B3 Kanz 6 scheint, soweit die schlechte Überlieferungsqualität überhaupt ein Urteil zulässt, im zweiten Stollen des Aufgesangs vom Reimschema des Tons abzuweichen. In C findet sich, wohl von jüngerer Hand, interlinear eingetragen der (nicht immer geglückte) Versuch einer Verszählung.
Inhalt: Klage über den Verfall der Gerichtsbarkeit. Die Strophe setzt mit der Beschreibung einer idyllischen Gegenwart ein: Klerus und Adel – symbolisiert durch ihre Insignien Bischofsmütze bzw. Krone (C 1) – kümmerten sich in ihren jeweiligen Rechtssprechungsmechanismen vortrefflich um die gesamte Christenheit. Dass diese ersten Verse jedoch wohl nur »ironisch zu verstehn« sind (von Kraus, S. 248, vgl. auch Zach, S. 160), zeigt die unmittelbar darauf folgende harsche Verurteilung des Richterstandes: Wenn Richter sich zugleich als Berater, Fürsprecher und Urteilende gebärdeten, ohne doch die damit je verbundenen Funktionen zu erfüllen, könne es nur mehr Urteilssprüche durch argen list (C 9) geben.
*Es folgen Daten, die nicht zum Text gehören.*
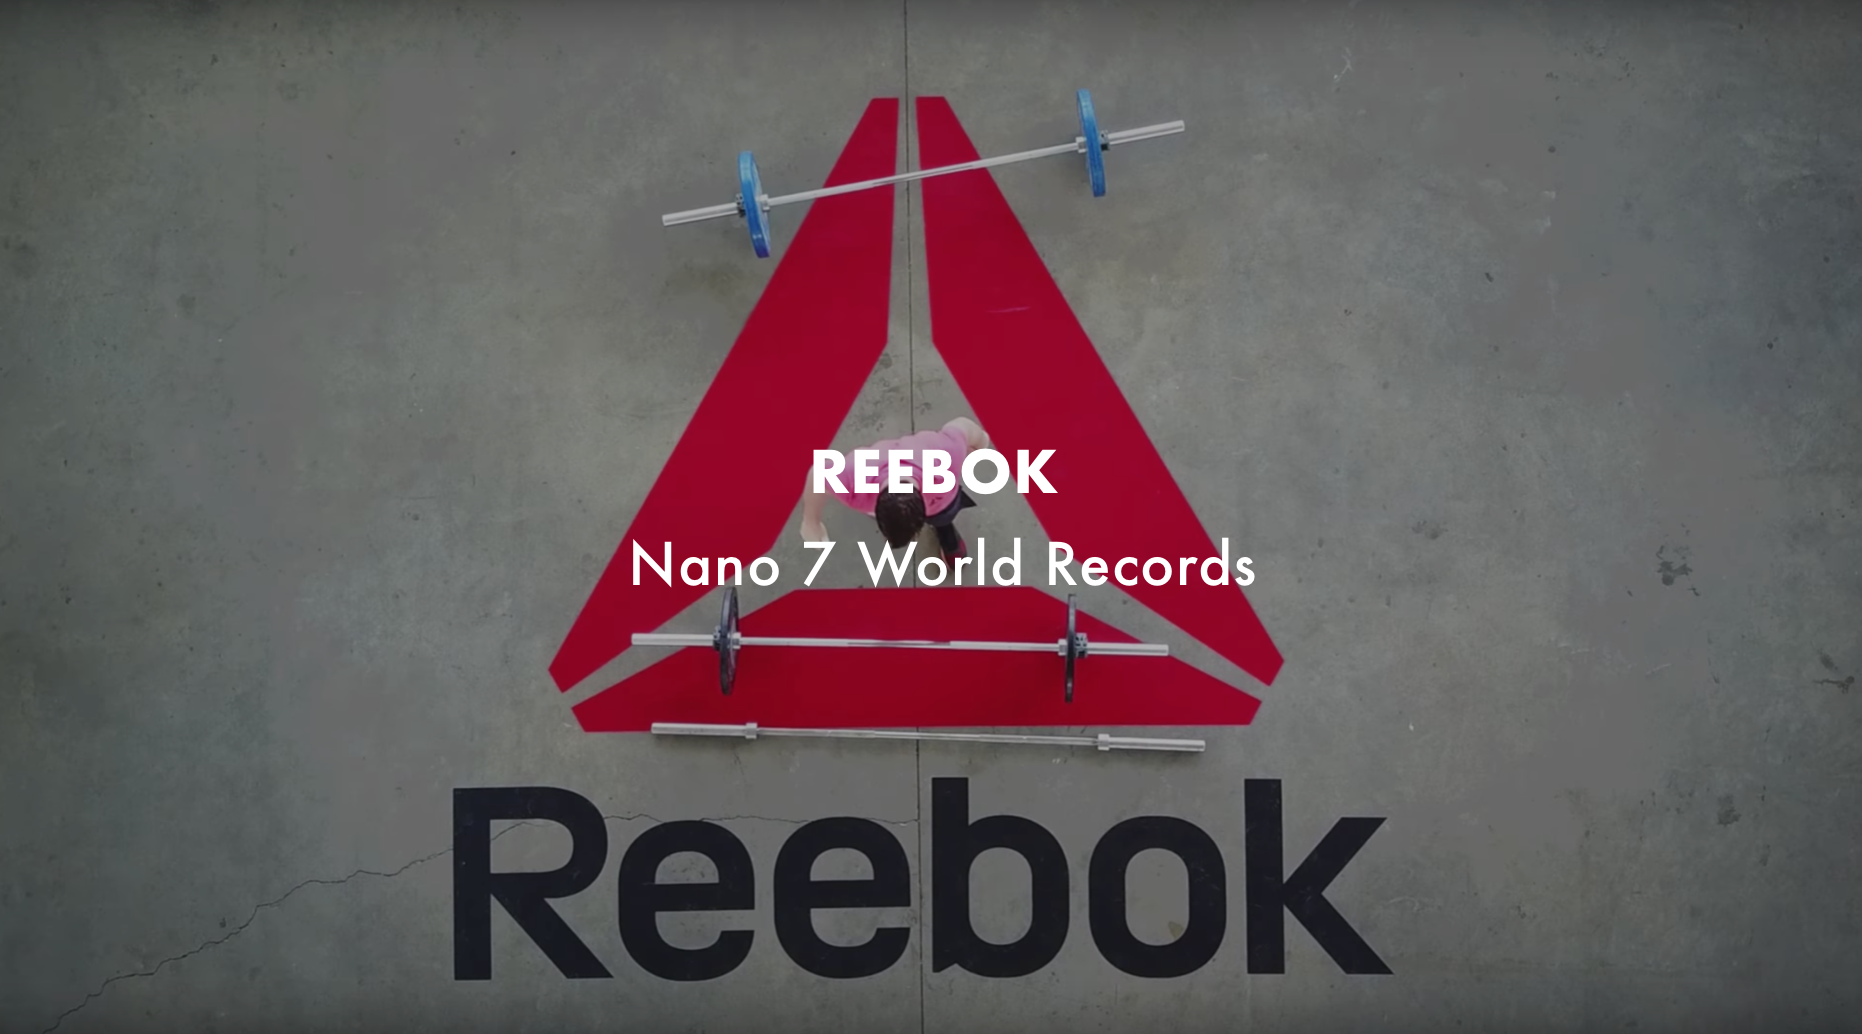 Reebok -  CrossFit Nano 7 Powers New World Records

Ein Angeklagter, ob schuldig oder unschuldig, der vom Wohlwollen (vgl. C 14) eines (ungerechten) Richters abhängig sei, könne nur auf verlorenem Posten stehen – Rechtssicherheit (vgl. C 16) werde weder von der geistlichen noch der weltlichen Gerichtsbarkeit gewährleistet.